■ Exercise details
What is needed is an exact copy of the lines from the line holding "google on a macbook" through the end of the material, with no other lines and no pictures.

■ Collected data

........

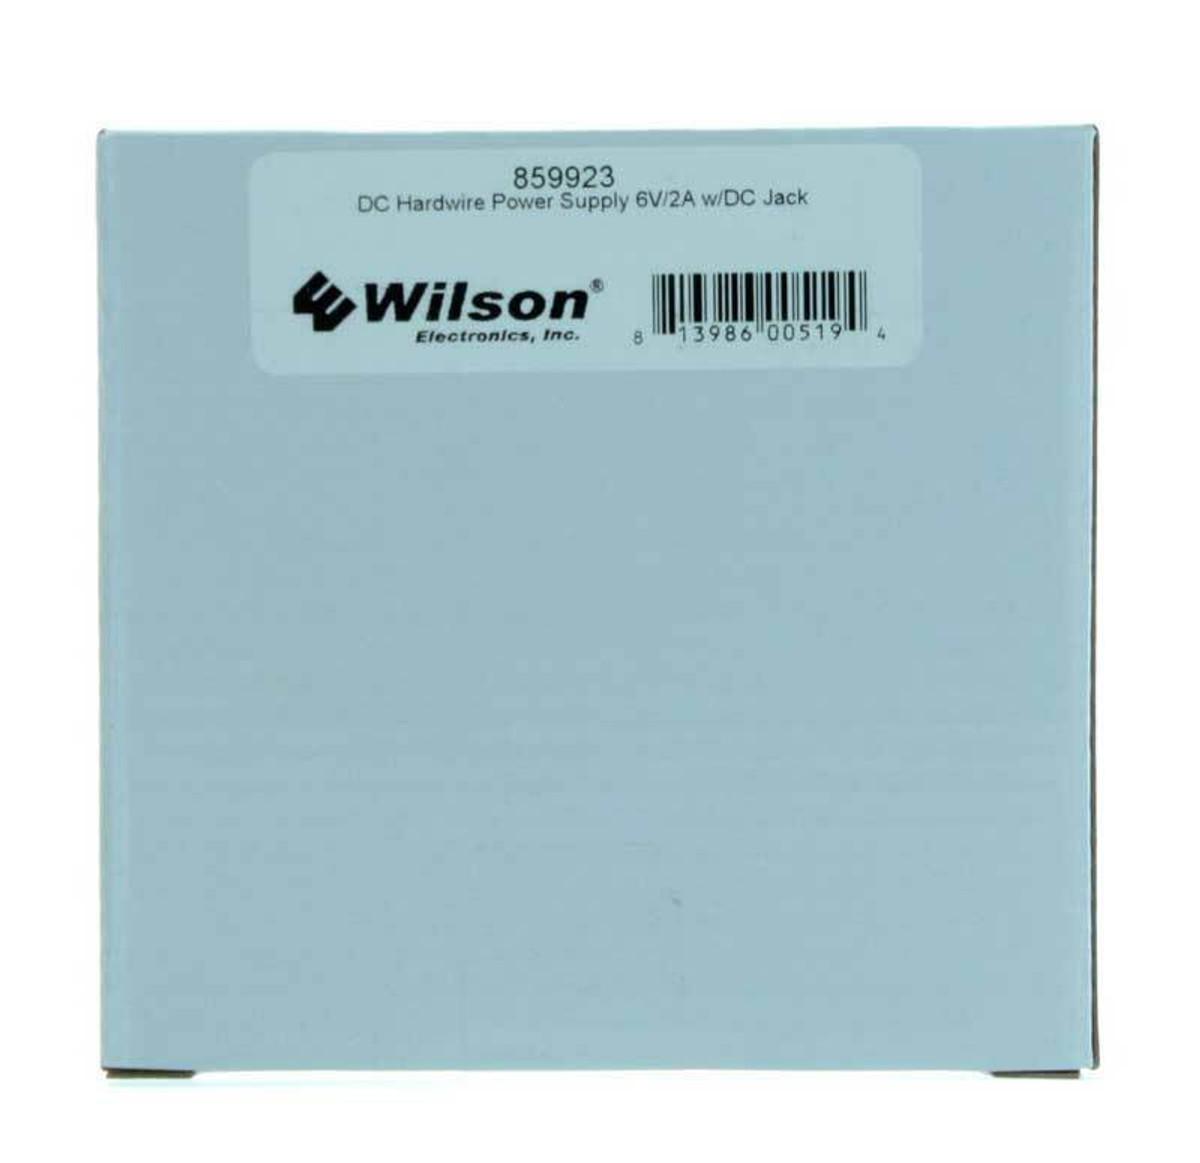 Wilson Electronics weBoost Wilson 859923 6V DC Vehicle Hardwire Power Supply
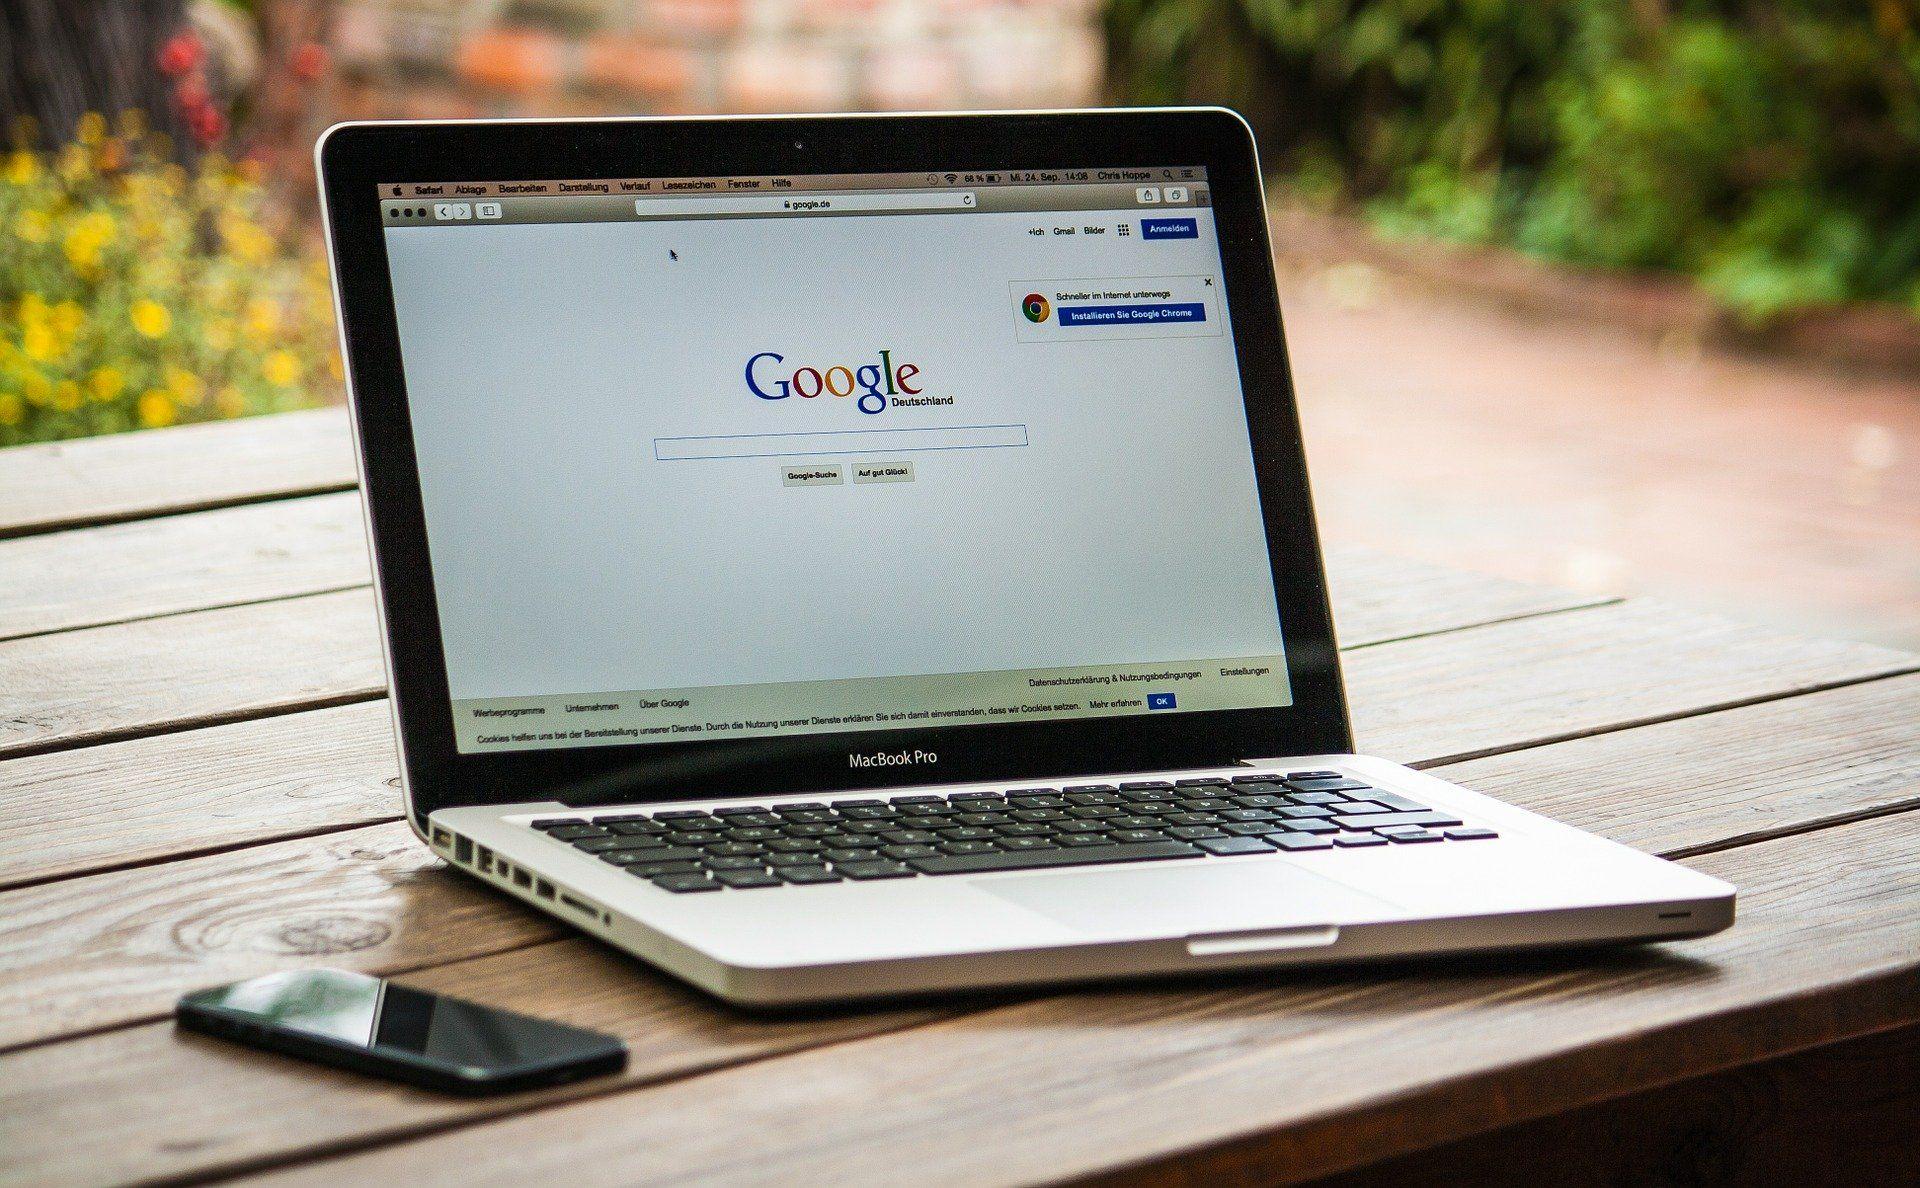 google on a macbook
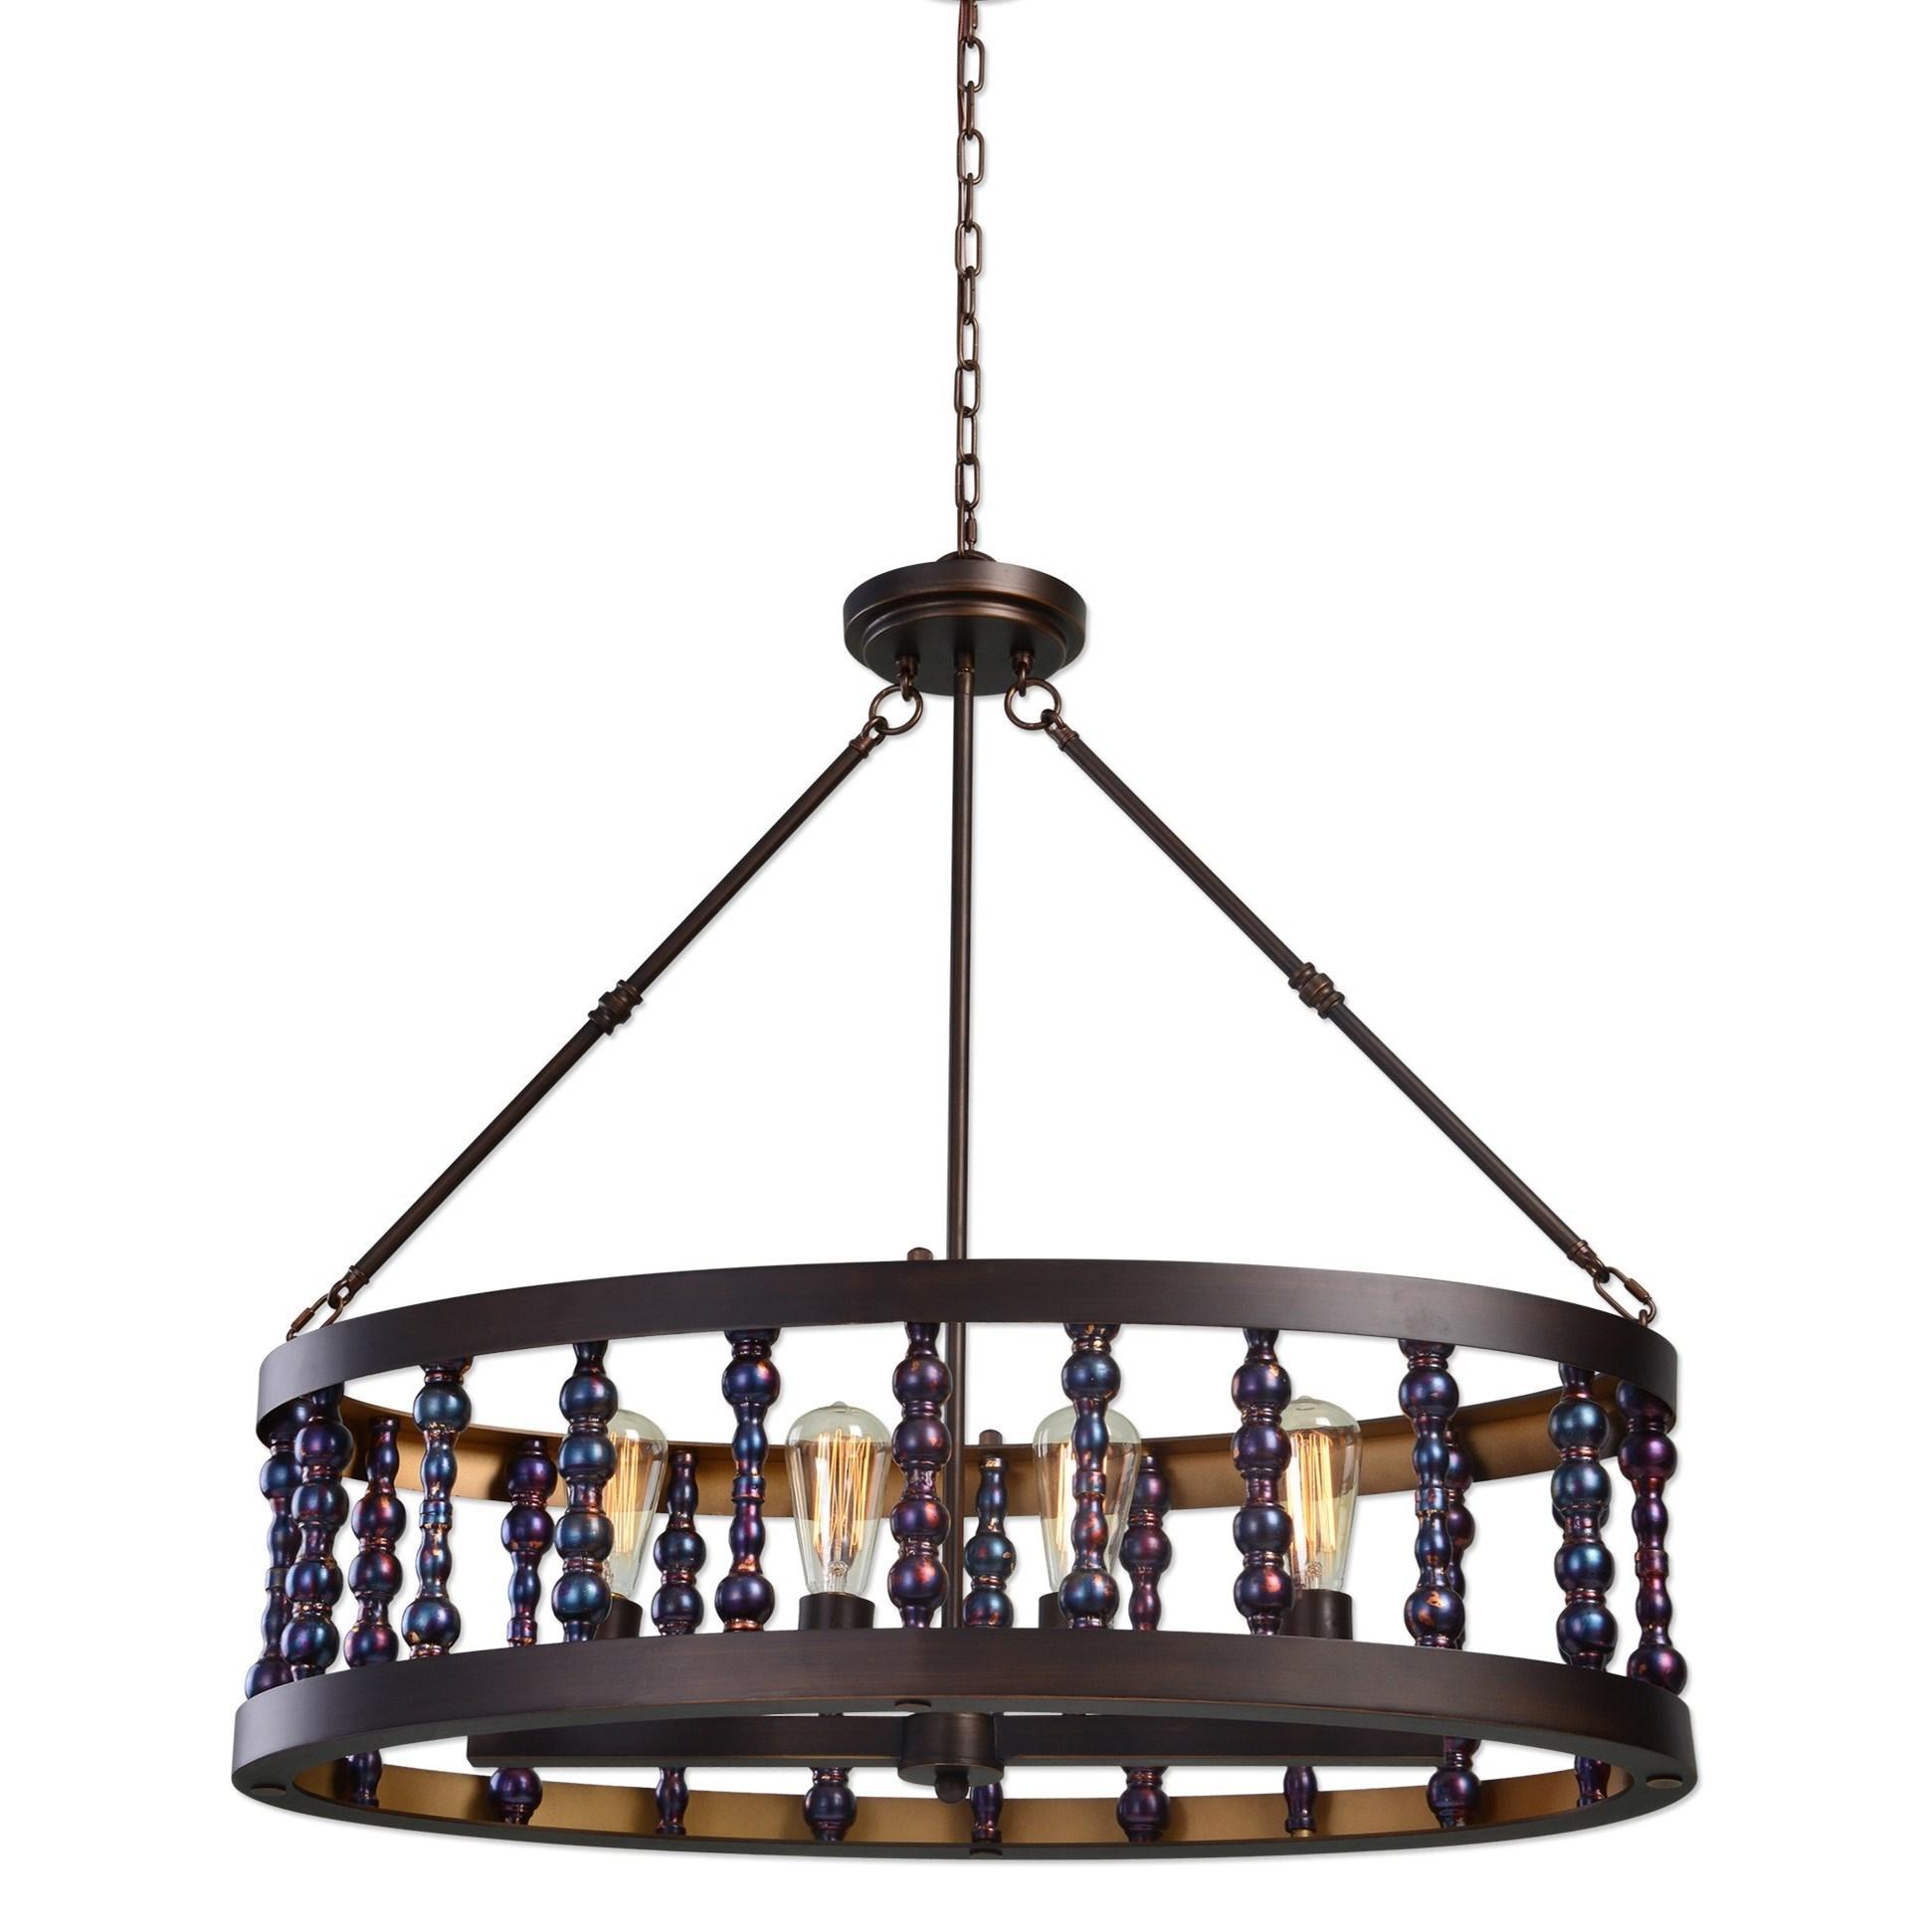 Uttermost Lighting Fixtures Mandrino 4 Light Oval Chandelier - Item Number: 21287

........

■ Result of the task
 google on a macbook
 Uttermost Lighting Fixtures Mandrino 4 Light Oval Chandelier - Item Number: 21287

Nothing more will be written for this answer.